Diagnostic knowledge: The concurrency metric of 356.86 (achieved concurrency vs. 512 requested) indicates that the server is not fully saturated at this request rate. The gap between peak output throughput (2,310 tok/s) and sustained output throughput (901.74 tok/s) suggests burst-followed-by-queue behavior typical of a system where the bottleneck is not compute throughput but request scheduling or communication latency.
The Thinking Process Visible in the Message
The message itself is terse—a single command and its output—but the reasoning behind it is visible through the surrounding context. The assistant's thinking follows a clear pattern:
- Problem identification: GPU power is only 55% of TDP despite 98% utilization. The SMs are stalled on communication.
- Hypothesis generation: Allreduce fusion could overlap communication with compute, improving utilization.
- Hypothesis testing (failed): Allreduce fusion patch causes throughput to collapse to 236 tok/s.
- Hypothesis revision: If fusion doesn't work, try batching decode steps to reduce communication frequency.
- Experimental setup: Start server with
--num-continuous-decode-steps 4, conservative NCCL settings. - Measurement: Run benchmark at 512 concurrency.

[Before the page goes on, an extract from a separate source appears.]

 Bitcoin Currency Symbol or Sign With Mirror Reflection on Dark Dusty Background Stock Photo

- Evaluation: Compare result to baseline. The assistant does not explicitly state the comparison in the message, but the reader can infer from the context that 2,741.74 tok/s is essentially the same as the ~2,800 tok/s baseline. The absence of any commentary like "improvement!" or "still the same" is itself telling—the assistant moves on to the next experiment without dwelling on the negative result. This pattern of hypothesis-driven optimization, with rapid iteration and systematic measurement, is characteristic of the assistant's approach throughout the session. Each message builds on the knowledge gained from previous experiments, and even "failed" experiments produce valuable diagnostic information.
Broader Implications
The failure of both allreduce fusion and continuous decode steps to improve throughput points to a deeper constraint: the PCIe P2P latency inherent in the Proxmox VM's GPU topology. Earlier segments of the conversation ([msg 795]–[msg 823] context) documented the assistant's discovery that each GPU sits on its own PCIe root complex, preventing direct GPU-to-GPU DMA. All inter-GPU communication must traverse the host's PCIe fabric, adding latency that no amount of kernel fusion or batching can eliminate.

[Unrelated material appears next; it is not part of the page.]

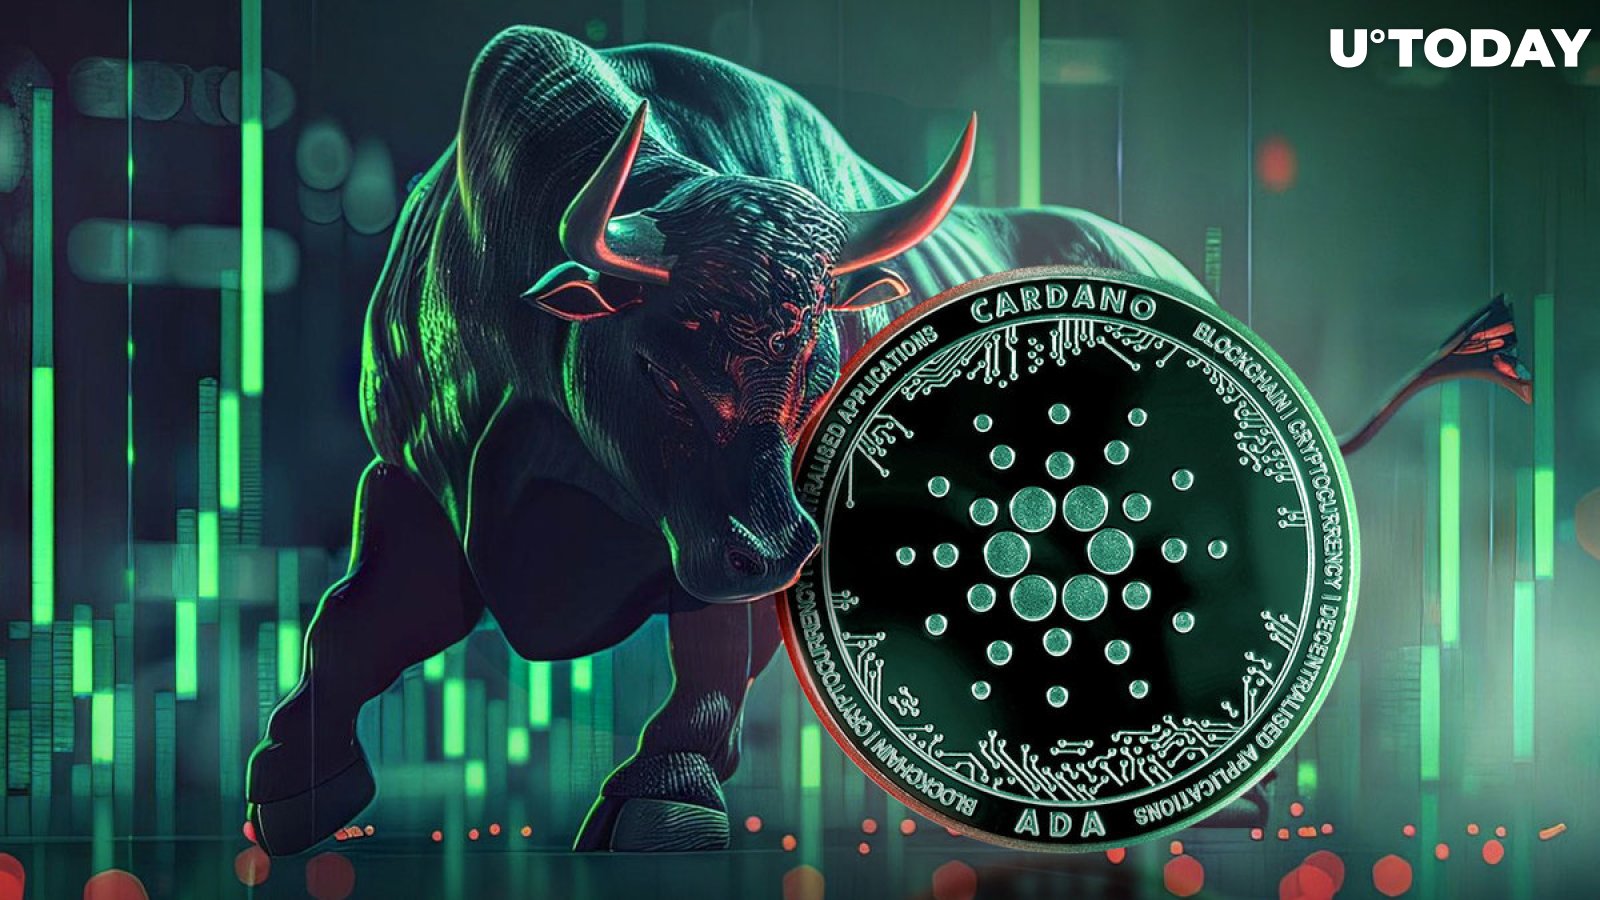 Cardano (ADA) Skyrockets 500% in Fund Flows as Bulls Take Charge

This is a hardware topology problem masquerading as a software optimization problem. The assistant's attempts to fix it through kernel patches, NCCL tuning, and scheduler parameters are all addressing the wrong layer—they optimize the communication implementation but cannot change the communication path. The only real solutions would be hardware-level (enabling P2P DMA through ACS override or IOMMU group merging, attempted in Segment 3) or architectural (switching from TP8 to TP4+PP2 to reduce the allreduce domain size).
The message thus serves as a diagnostic waypoint: it confirms that the current optimization strategies have hit a ceiling imposed by the virtualization layer. The assistant's next steps—exploring the flashinfer_trtllm MoE backend—represent a continuation of the search for software-level gains, but the fundamental bottleneck remains unresolved.
Conclusion
Message [msg 824] is a study in disciplined engineering measurement. In a single command, the assistant tests a hypothesis, produces a clear result, and generates actionable knowledge—even though that knowledge is negative. The benchmark output of 2,741.74 total tok/s tells the assistant (and the reader) that --num-continuous-decode-steps 4 is not the path forward. The real value lies not in the number itself but in what it represents: the systematic narrowing of the optimization space, the elimination of one more variable, and the growing clarity that the bottleneck lies deeper than any software parameter can reach.